:: What the task requires ::
Exact copies of all the lines below are required, with the pictures omitted.

:: Provided material ::

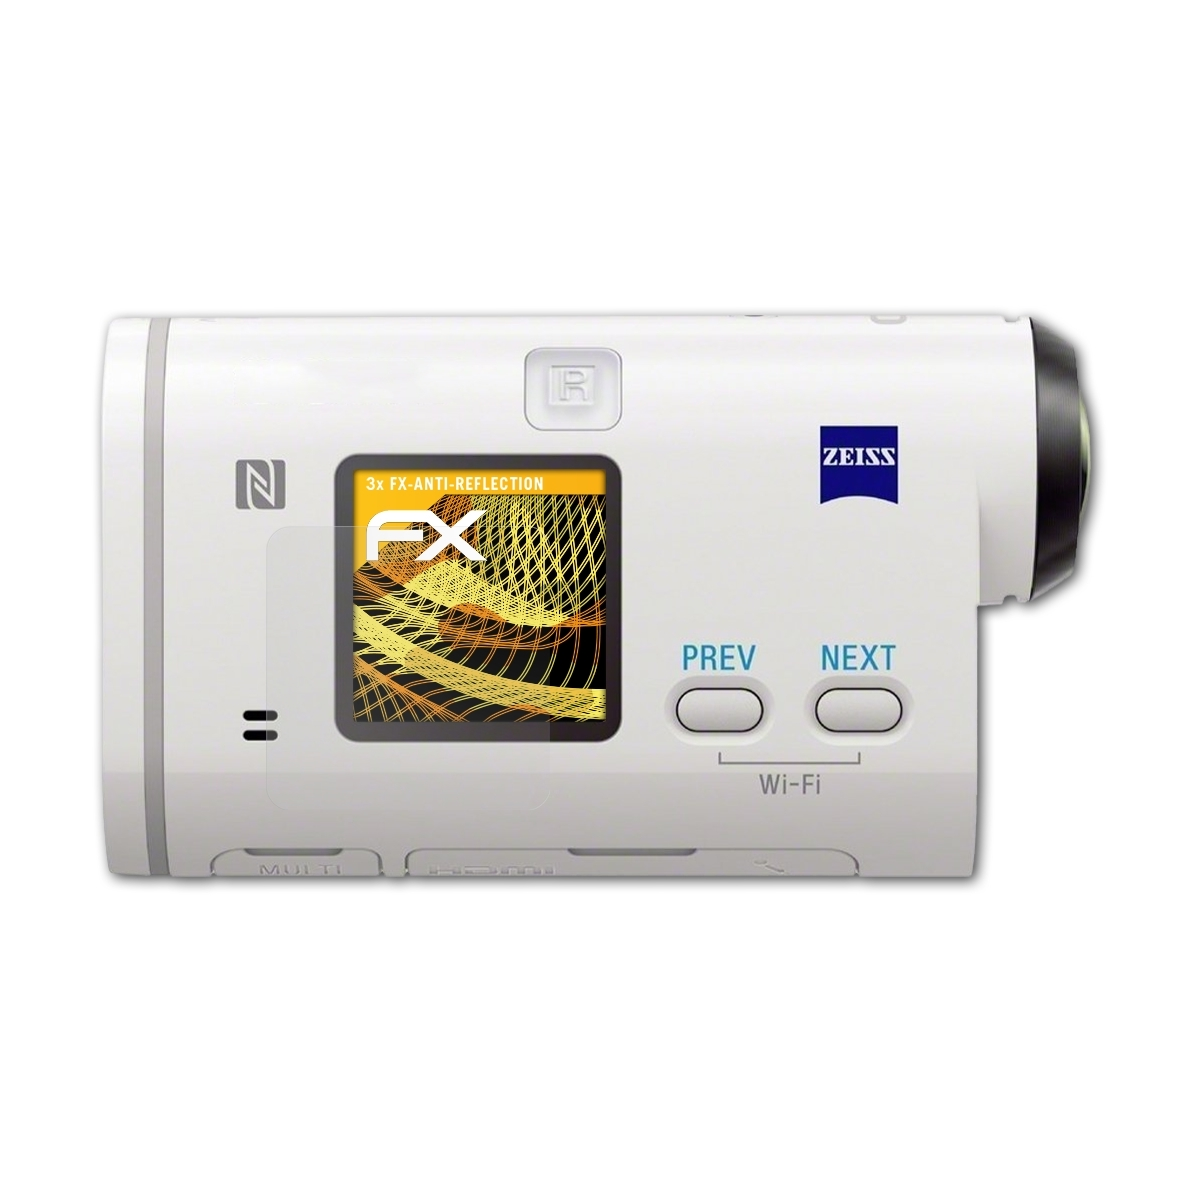 HDR-AS200) Displayschutz(für Sony 3x ATFOLIX FX-Antireflex
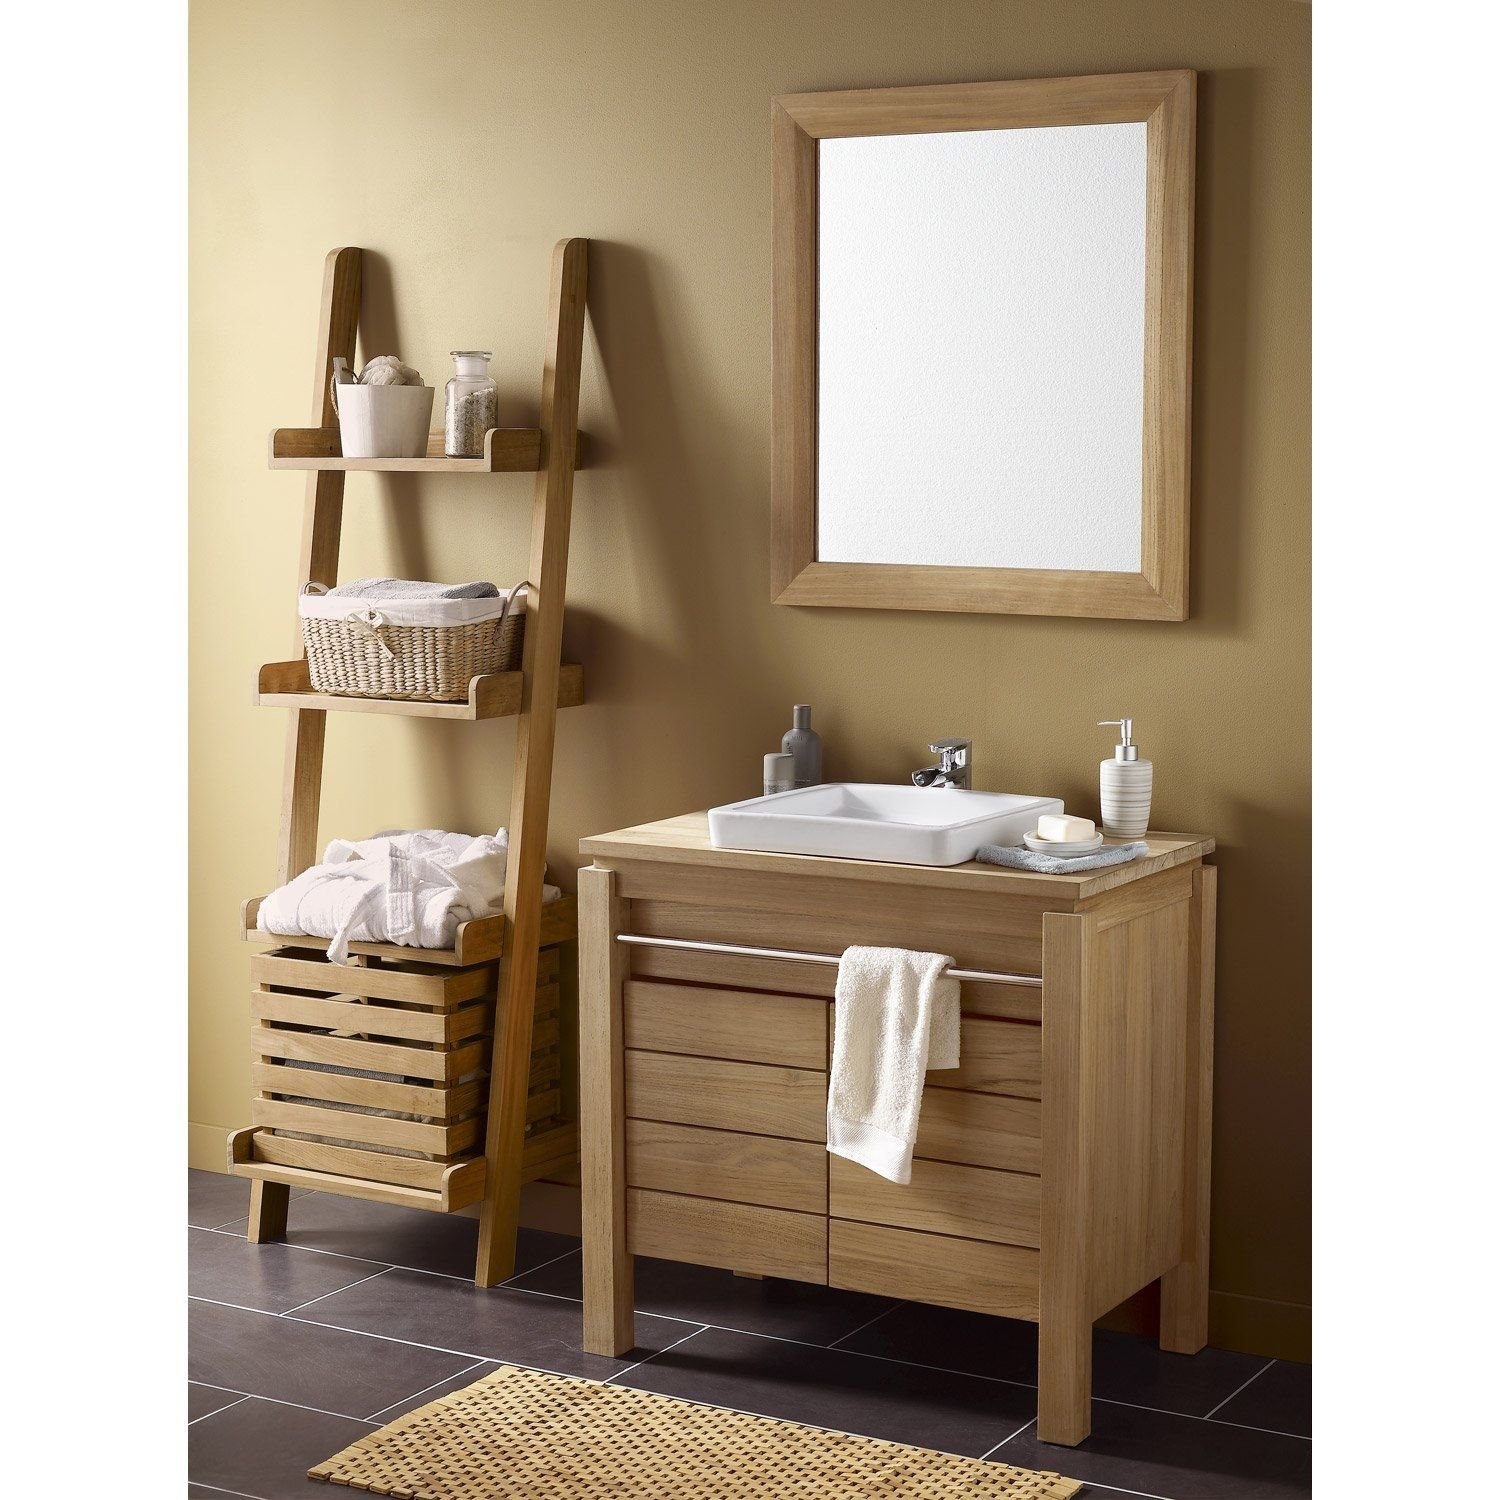 Леруа шкаф в ванну. Мебель для ванной ретро Леруа Мерлен. Мебель в ванную комнату. Деревянная мебель для ванной. Шкафчик в ванную из дерева.
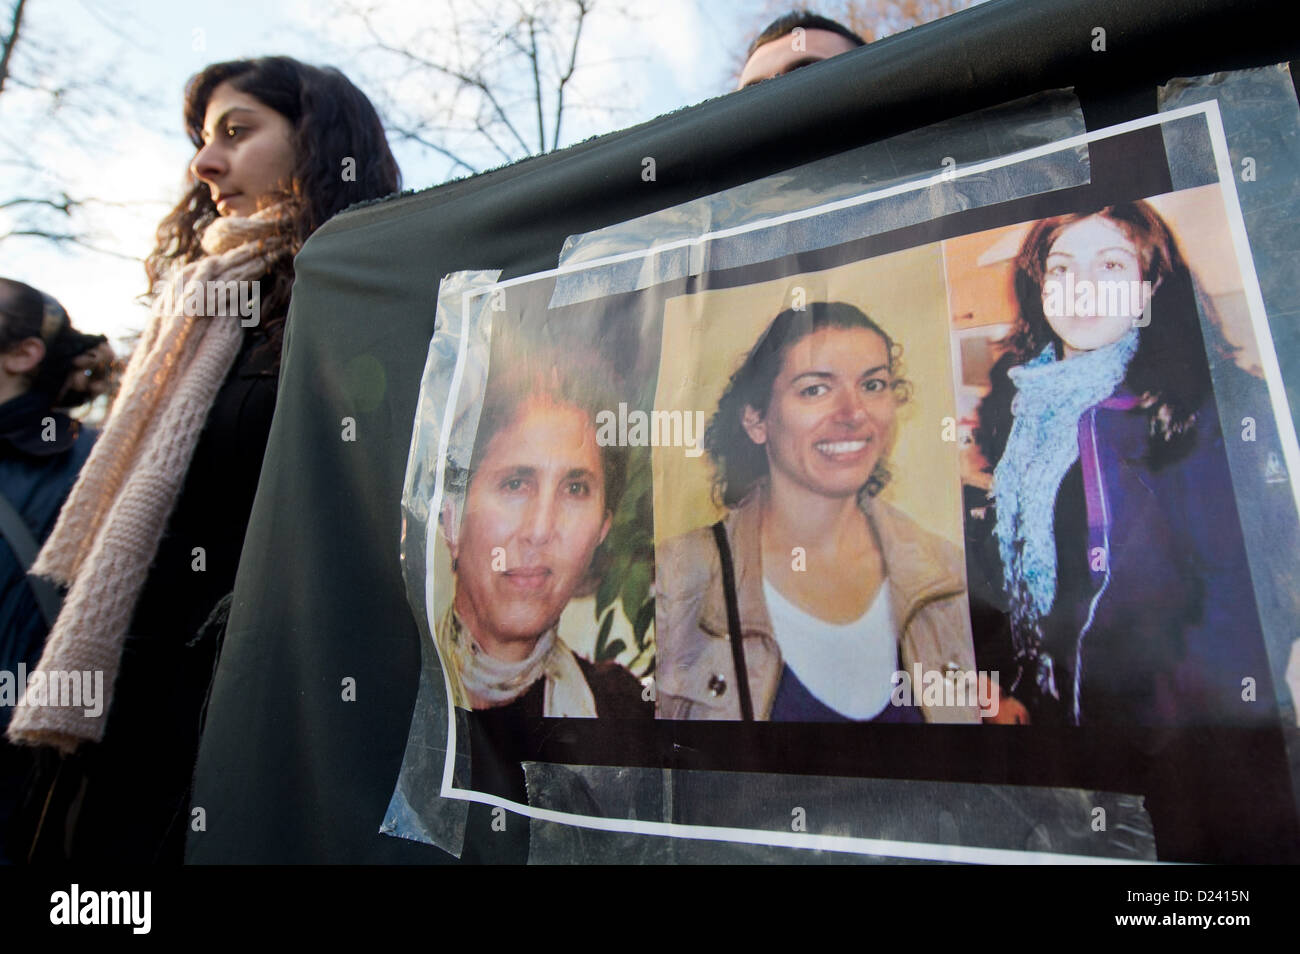 Manifestanti curdi demande una rapida risoluzione degli omicidi di tre donne militanti curdi a Parigi davanti al consolato turco in Francoforte sul Meno, Germania, 11 gennaio 2013. La dimostrazione è stata assicurata dalla polizia. Foto: BORIS ROESSLER Foto Stock

:: Task solution ::
 HDR-AS200) Displayschutz(für Sony 3x ATFOLIX FX-Antireflex
 Леруа шкаф в ванну. Мебель для ванной ретро Леруа Мерлен. Мебель в ванную комнату. Деревянная мебель для ванной. Шкафчик в ванную из дерева.
 Manifestanti curdi demande una rapida risoluzione degli omicidi di tre donne militanti curdi a Parigi davanti al consolato turco in Francoforte sul Meno, Germania, 11 gennaio 2013. La dimostrazione è stata assicurata dalla polizia. Foto: BORIS ROESSLER Foto Stock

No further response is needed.